Long Run was retired after his Carlisle defeat, leaving his rider without an obvious Grand National mount. However, Waley-Cohen has won six times over the famous green fences, in the Becher Chase, the Topham and the Fox Hunters, putting him into the conversation for any spare rides.

Carberry, meanwhile, has completed the course four times from five Grand National rides, including last year on First Lieutenant, a ride she was given only because Bryan Cooper was suspended for whip-related offences. This time, Carberry has herself fallen foul of the whip rules for her winning ride in the Foxhunter Chase at the Cheltenham Festival, resulting in a seven-day ban that will end on Grand National day.

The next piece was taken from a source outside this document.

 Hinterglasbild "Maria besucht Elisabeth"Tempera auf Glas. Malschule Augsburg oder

Bans for amateur jockeys are only enforced on days when there are races specifically aimed at them, leading at least one paper to report on Monday that Waley-Cohen could compete in the Grand National. But this is not the case, as the British Horseracing Authority has clarified, because the race after the National is restricted to amateurs and conditional jockeys.

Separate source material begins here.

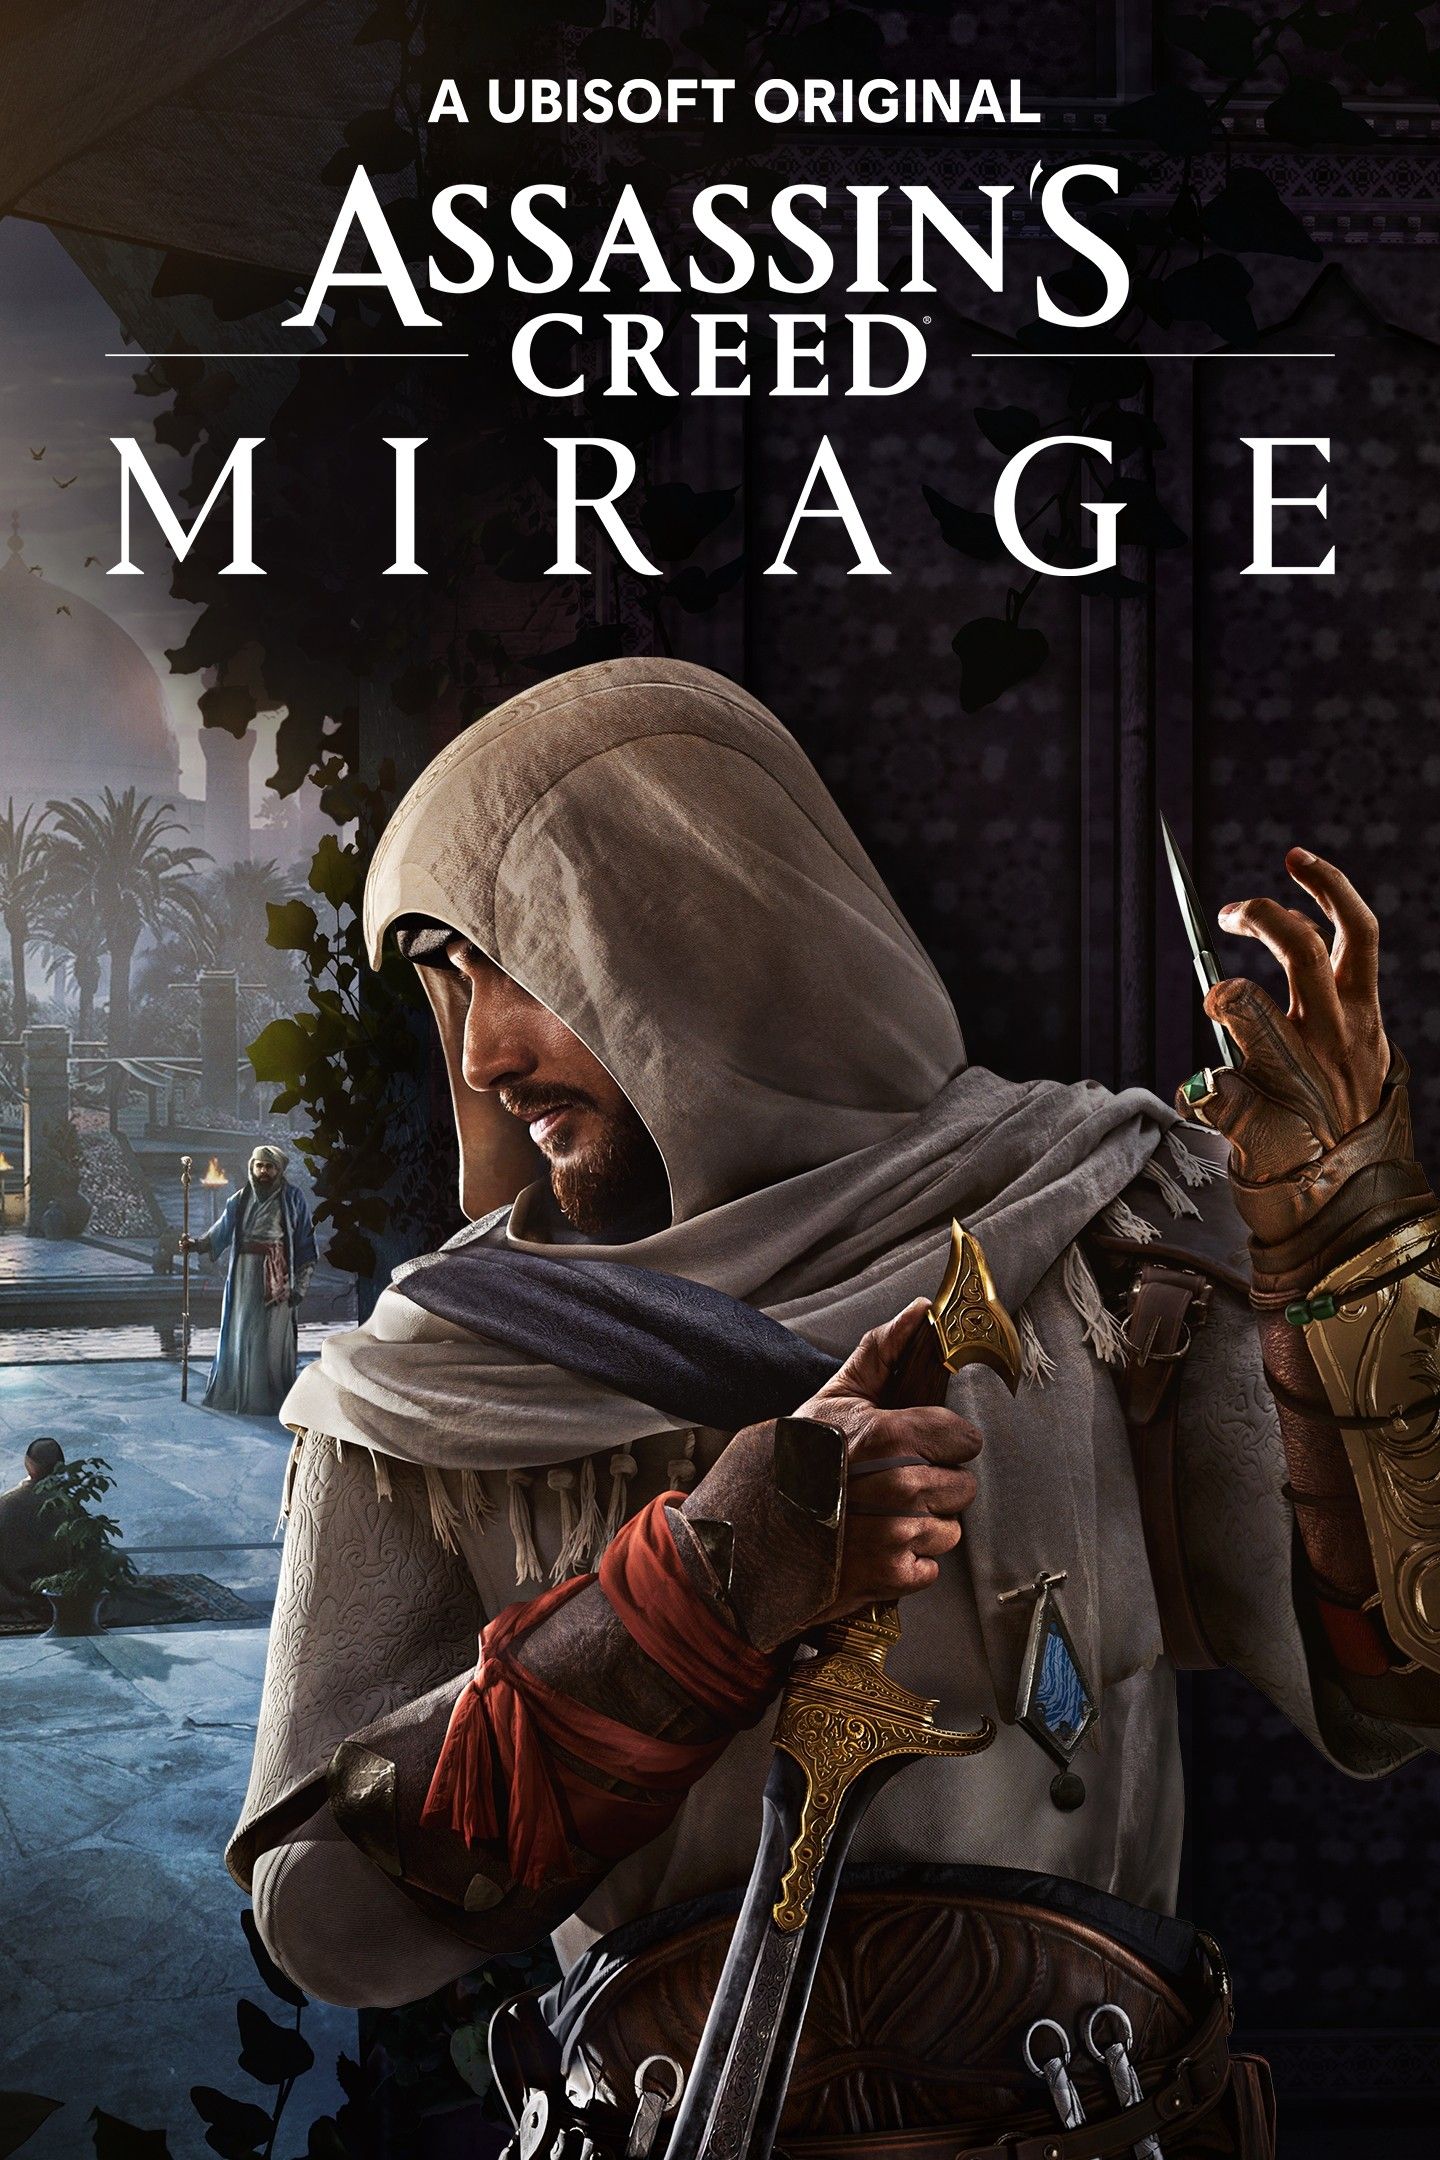 Arte chave de Assassins Creed Mirage

Thistlecrack’s many new fans could get two more chances to see him this jumps season, according to Colin Tizzard, trainer of the unchallenged World Hurdle winner. The eight-year-old, who hacked up by seven lengths at the Cheltenham Festival last week, is being aimed at a race during Aintree’s Grand National meeting and could go over to Ireland for the Punchestown Festival three weeks later.

“As long as the ground is OK and the horse is in good form, I don’t see any reason not to take him to Aintree,” Tizzard said. “I know he’s had four runs already [this winter]but his races have been nicely spaced out and he seems to have come out of Cheltenham very well.

“He came back home well, he hasn’t turned a hair and doesn’t look like he had a particularly hard race, although when you get into that top league the races are bound to take something out of you. We’re very happy with him and, as long as the ground is on the soft side of good, he’ll go to Aintree and we’ll see where we are after that.”